In this case, if the size of the Bottom chunk were overwritten with a negative size, realfree() could be caused to be called on user -controlled data at an offset into the Bottom chunk.

In the code sample above, sp points at the Bottom chunk with a corrupted size. A portion of the Bottom chunk will be taken for the new memory allocation, and the new chunk tp will have its size set to n . The variable n in this case is the corrupted negative size, minus the size of the new allocation and WORDSIZE . Realfree() is then called on the newly constructed chunk, tp , which has a negative size. At this point the methodology mentioned previously using t_delete() will work well.

Small Chunk Corruption

The minimum size for a true malloc chunk is the 48 bytes necessary to store the TREE structure (this includes the size header). Rather than rounding all small malloc requests up to this rather large size, the Solaris heap implementation has an alternative way of dealing with small chunks . Any malloc() request for a size less than 40 bytes results in different processing than requests for larger sizes. This is implemented by the function _smalloc within malloc.c . Requests that round up in size to 8, 16, 24, or 32 bytes are handled by this code.

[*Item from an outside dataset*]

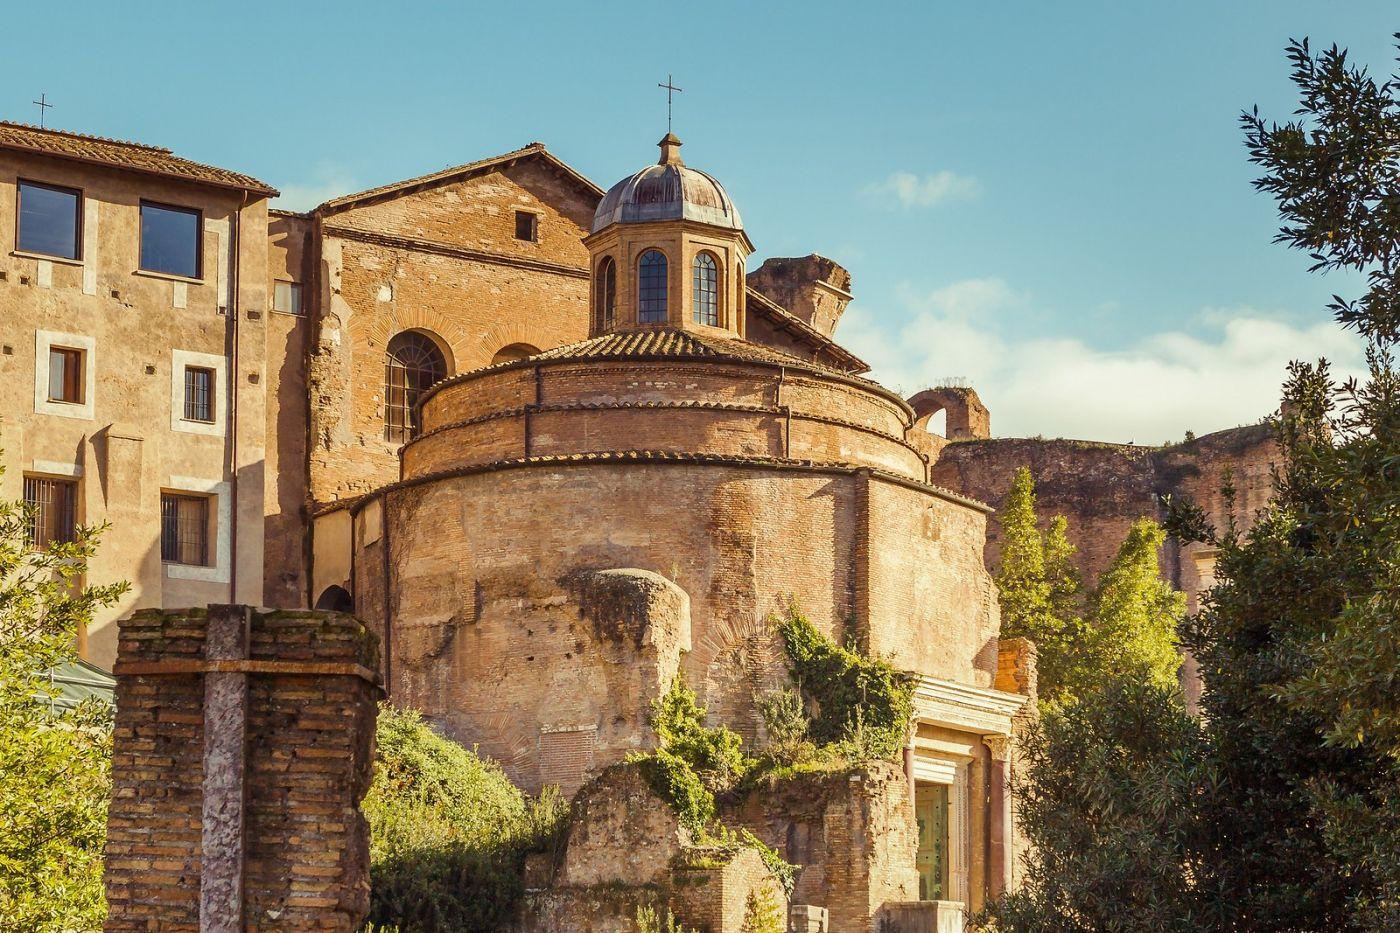 意大利罗马论坛,二千年的历史_图1-6

The function _smalloc allocates an array of same- sized memory blocks to fill small malloc requests. These blocks are arranged in a linked list, and when an allocation request is made for an appropriate size the head of the linked list is returned. When a small chunk is freed, it doesn't go through normal processing but simply is put back into the right linked list at its head. Libc maintains a static buffer containing the heads of the linked lists. Since these memory chunks do not go through normal processing, certain alternatives are needed to deal with overflows that occur in them.

The structure of a small malloc chunk is shown in Table 10.10.

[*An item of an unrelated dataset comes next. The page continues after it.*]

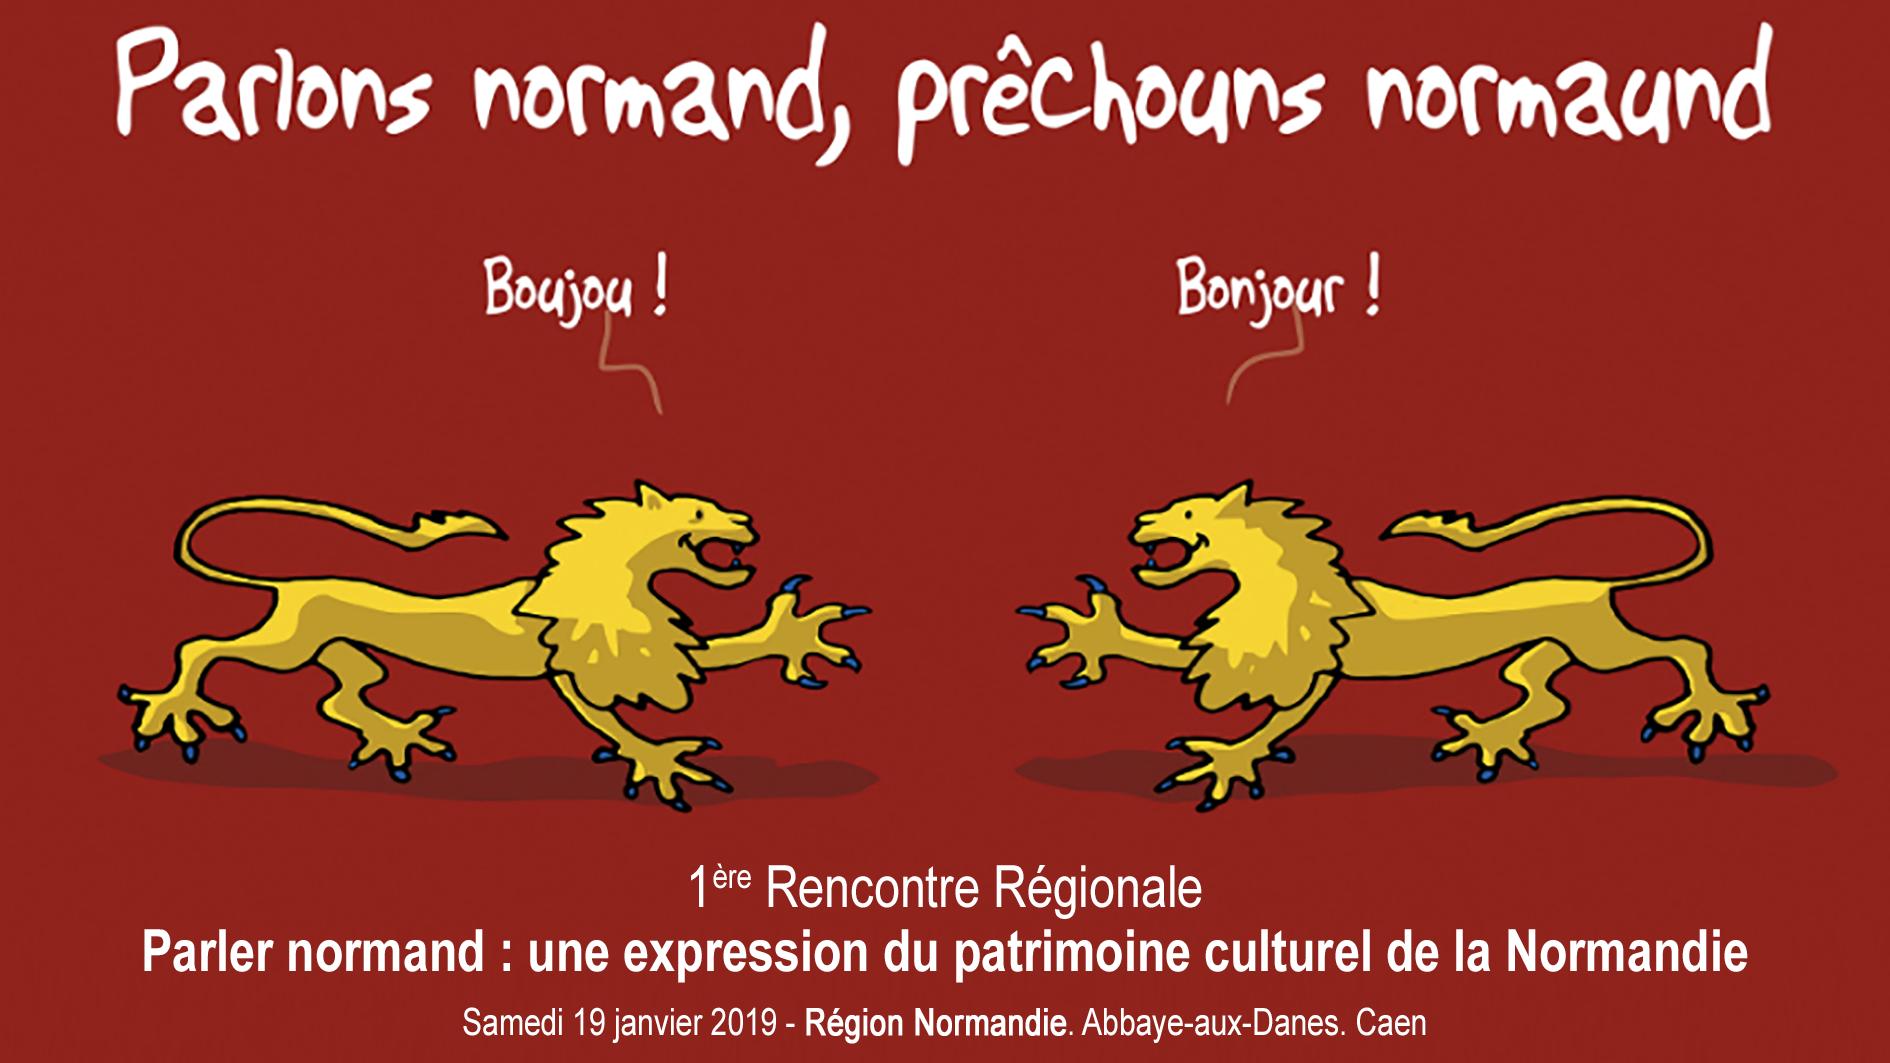 Parler normand : une expression du patrimoine culturel de la Normandie

Table 10.10: Structure of a Small malloc Chunk
WORD size (8 bytes)	WORD next (8 bytes)	User data (8, 16, 24 or 32 bytes large)

Because small chunks are differentiated from large chunks solely by their size field, it is possible to overwrite the size field of a small malloc chunk with a large or negative size. This would result in it going through normal chunk processing when it is freed and allowing for standard heap exploitation methods .

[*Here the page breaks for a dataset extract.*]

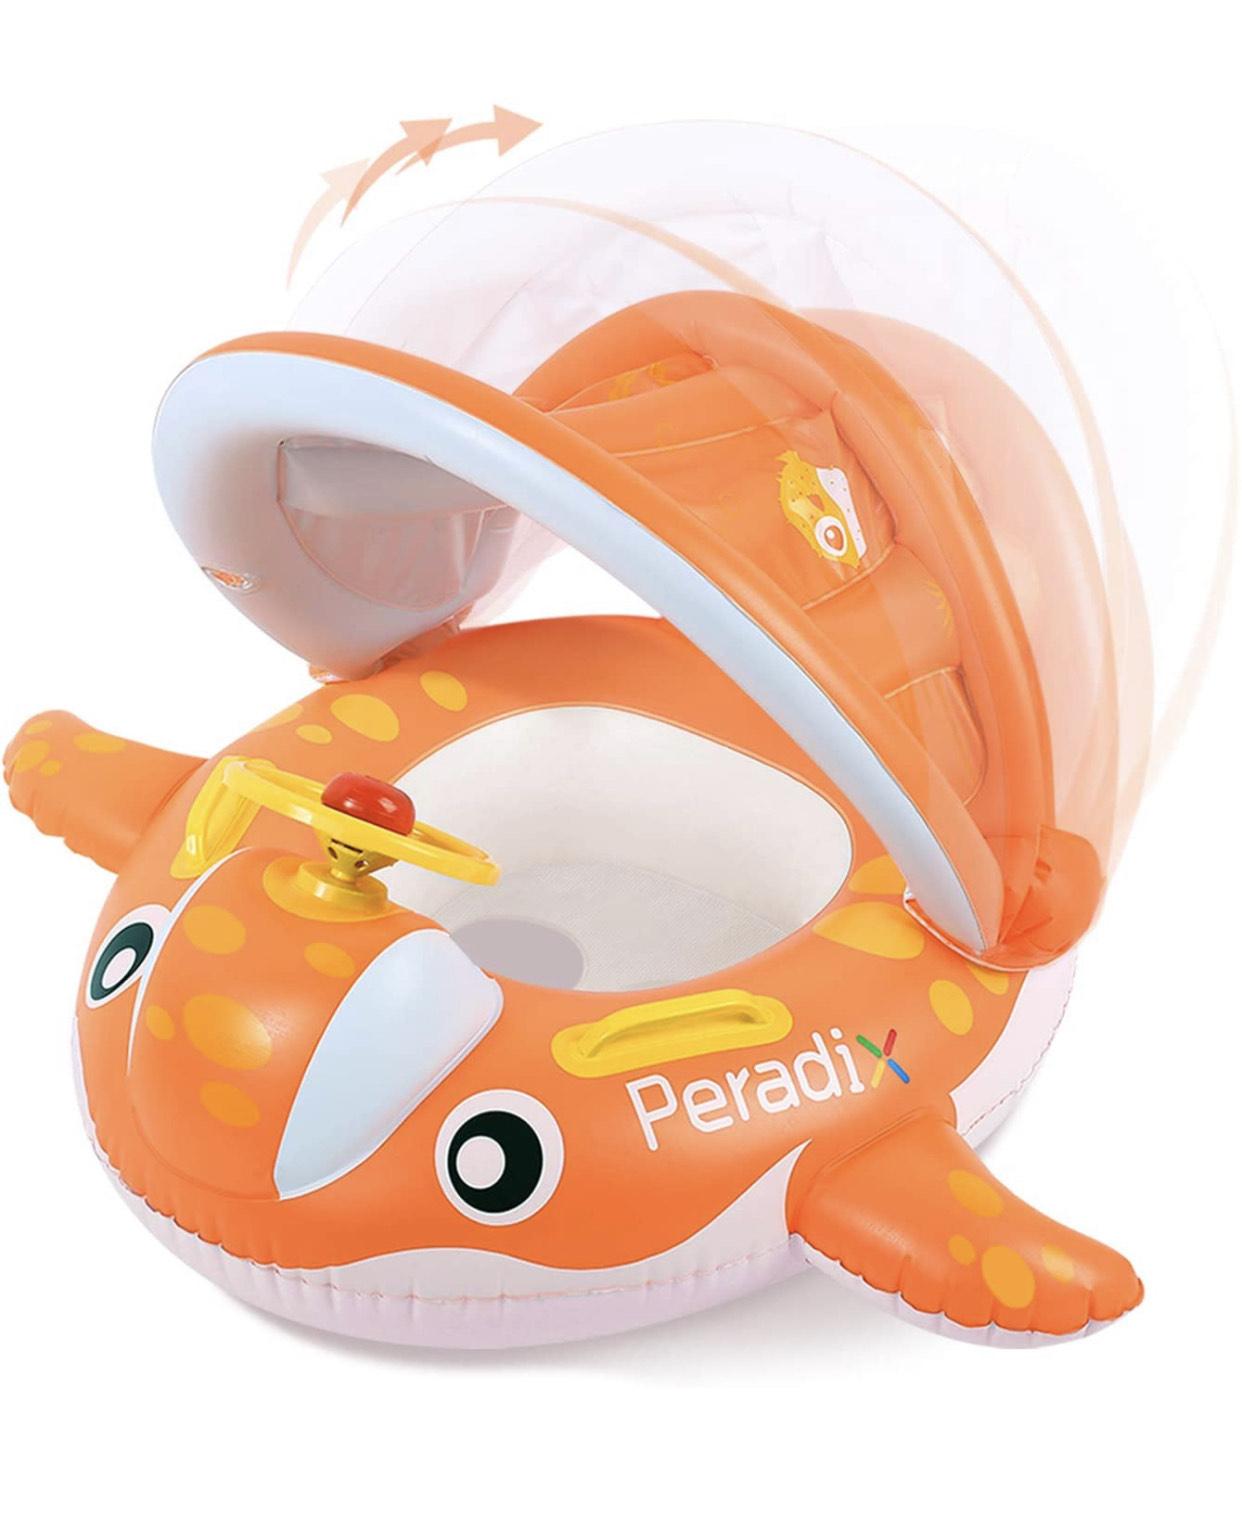 Flotador bebés de 1 a 3 años con techo

The linked-list nature of the small malloc chunks allows for another interesting exploit mechanism. In some situations, it is not possible to corrupt nearby chunk headers with attacker-controlled data. Personal experience has shown that this situation is not completely uncommon, and often occurs when the data that overwrites the chunk header is an arbitrary string or some other uncontrollable data. If it is possible to overwrite other portions of the heap with attacker-defined data, however, it is often possible to write into the small malloc chunk linked lists. By overwriting the next pointer in this linked list, it is possible to make malloc() return an arbitrary pointer anywhere in memory. Whatever program data is written to pointer returned from malloc() will then corrupt the address you have specified. This can be used to achieve an overwrite of more than four bytes via a heap overflow, and can make some otherwise tricky overflows exploitable.